During his healing process, Hopkins endured the grueling ordeal of having staples applied to and removed from his scalp (more than once) and having the doctor insert a needle the size of a pencil into his head to drain the excess fluid that would build up.

Hopkins expressed his deep remorse over the choice he made and what it put his loved ones through.

“I have no one to blame except myself, for what happened,” he said. “I failed to practice my own safety techniques that I’d learned throughout my years of riding, and I nearly lost my life for it. My wife, children, family, friends and co-workers nearly lost me because I was selfish and I chose to drink and wear improper safety equipment while operating my motorcycle.”

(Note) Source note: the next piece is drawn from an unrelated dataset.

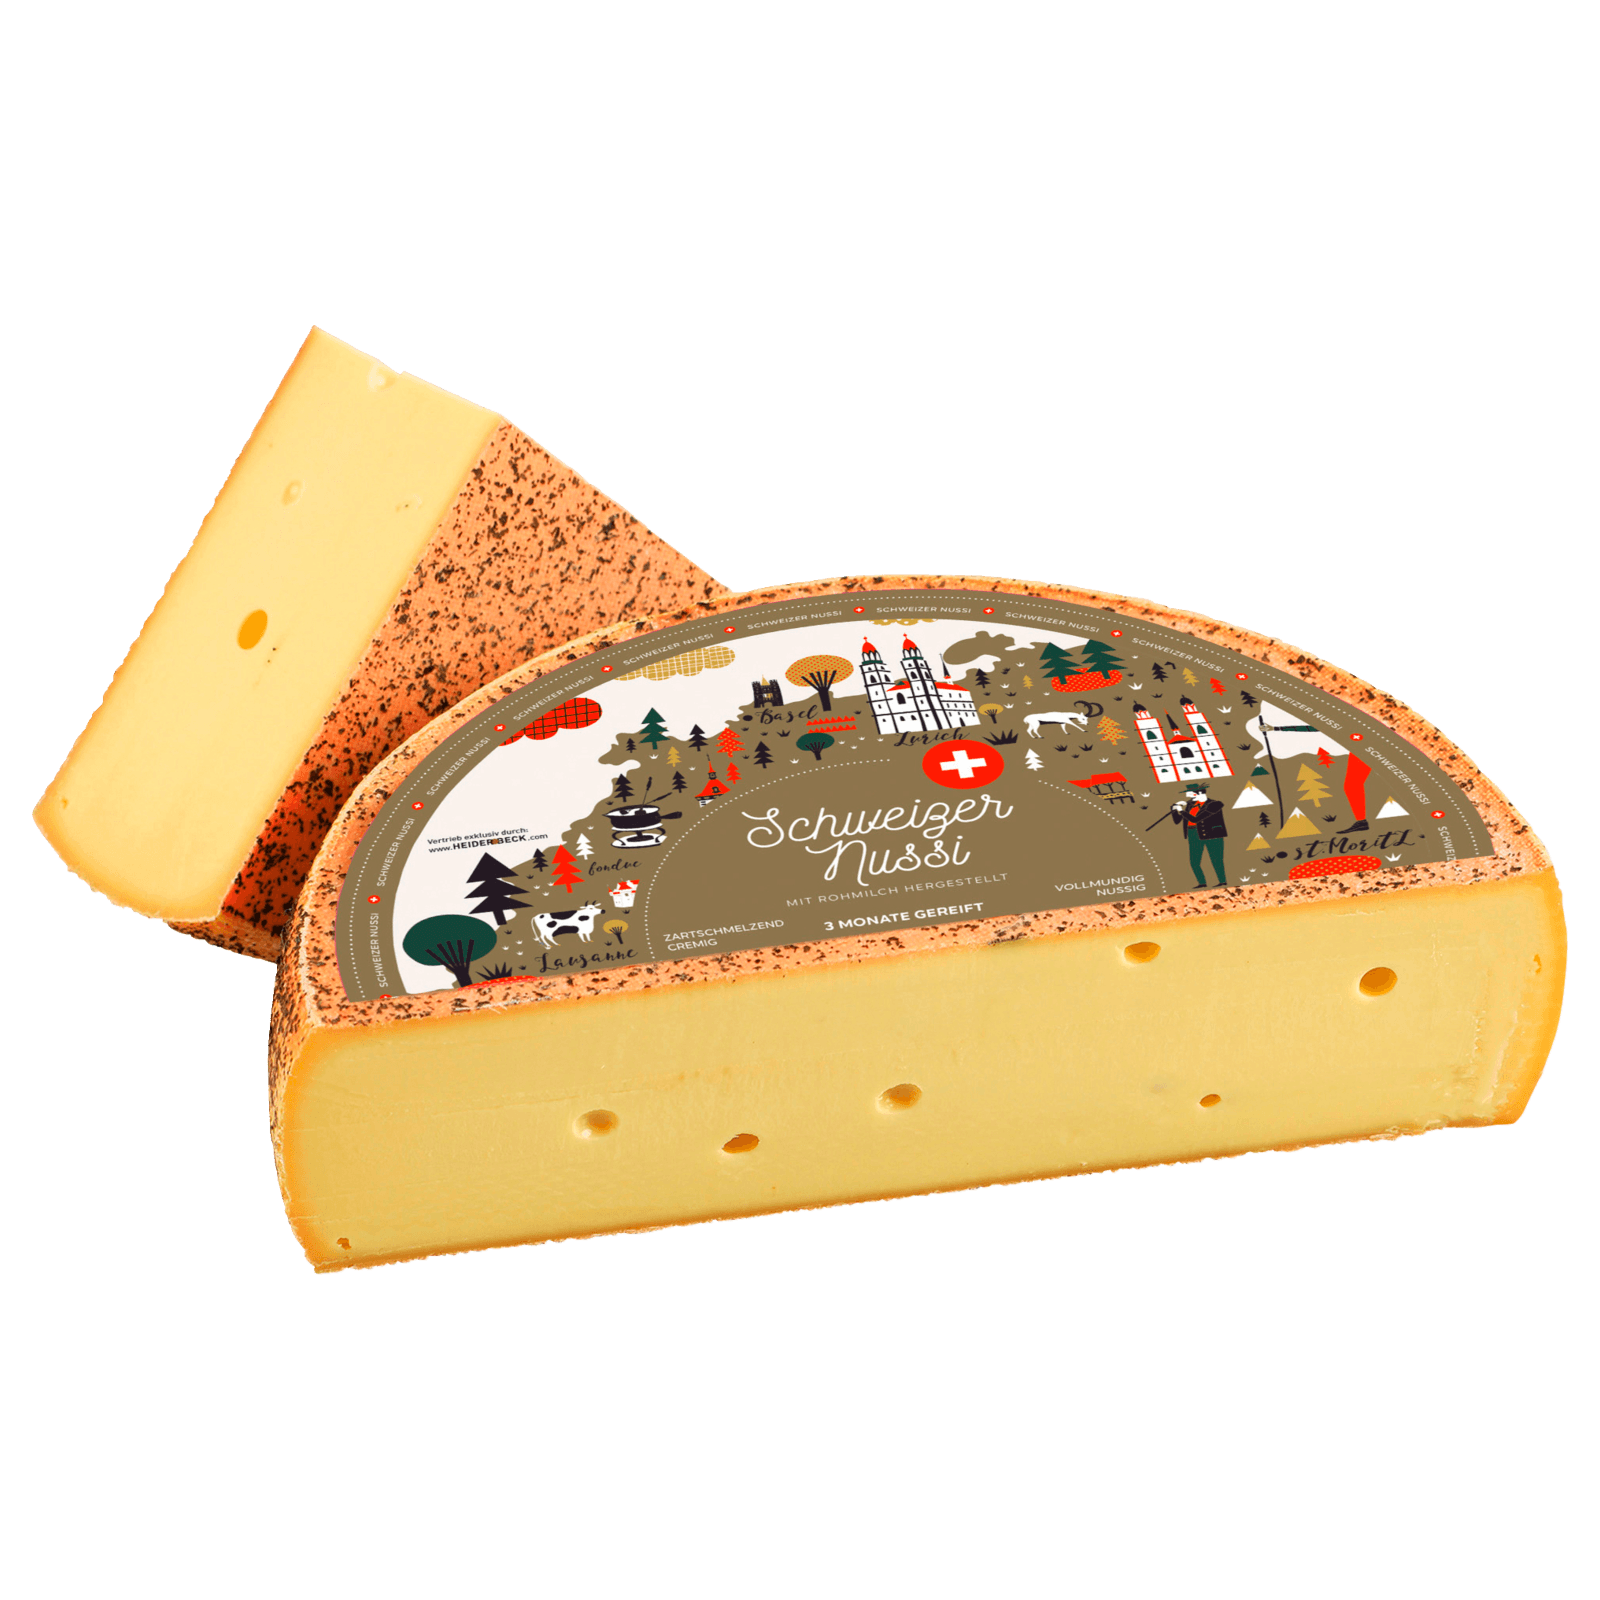 Schweizer Nussi Käse  für 4.59 EUR

Hopkins, or “Hopper,” as he’s known to his friends, had 14 distinguished years of service behind him when the accident happened, but he will be discharged soon and will lose his career.

Surprisingly to some, however, Hopkins still has an unwavering love for riding, and plans to work on motorcycles after he separates from the Air Force.

But, he said there are two things he will never ride without again:

“A DOT-approved helmet and sobriety,” he said.

Hopkins has a firm grasp of the gravity of his situation, and said he is very thankful to have been able to come out on the other side.

“This is my second chance to continue to be a better father, a better husband, and a second chance to do something I love,” he said. “I am the living example of what may happen to a biker who does not put safety first and respect his bike, and the trauma it can cause. If I can help save one life just by sharing my story, that makes it worth it to me.”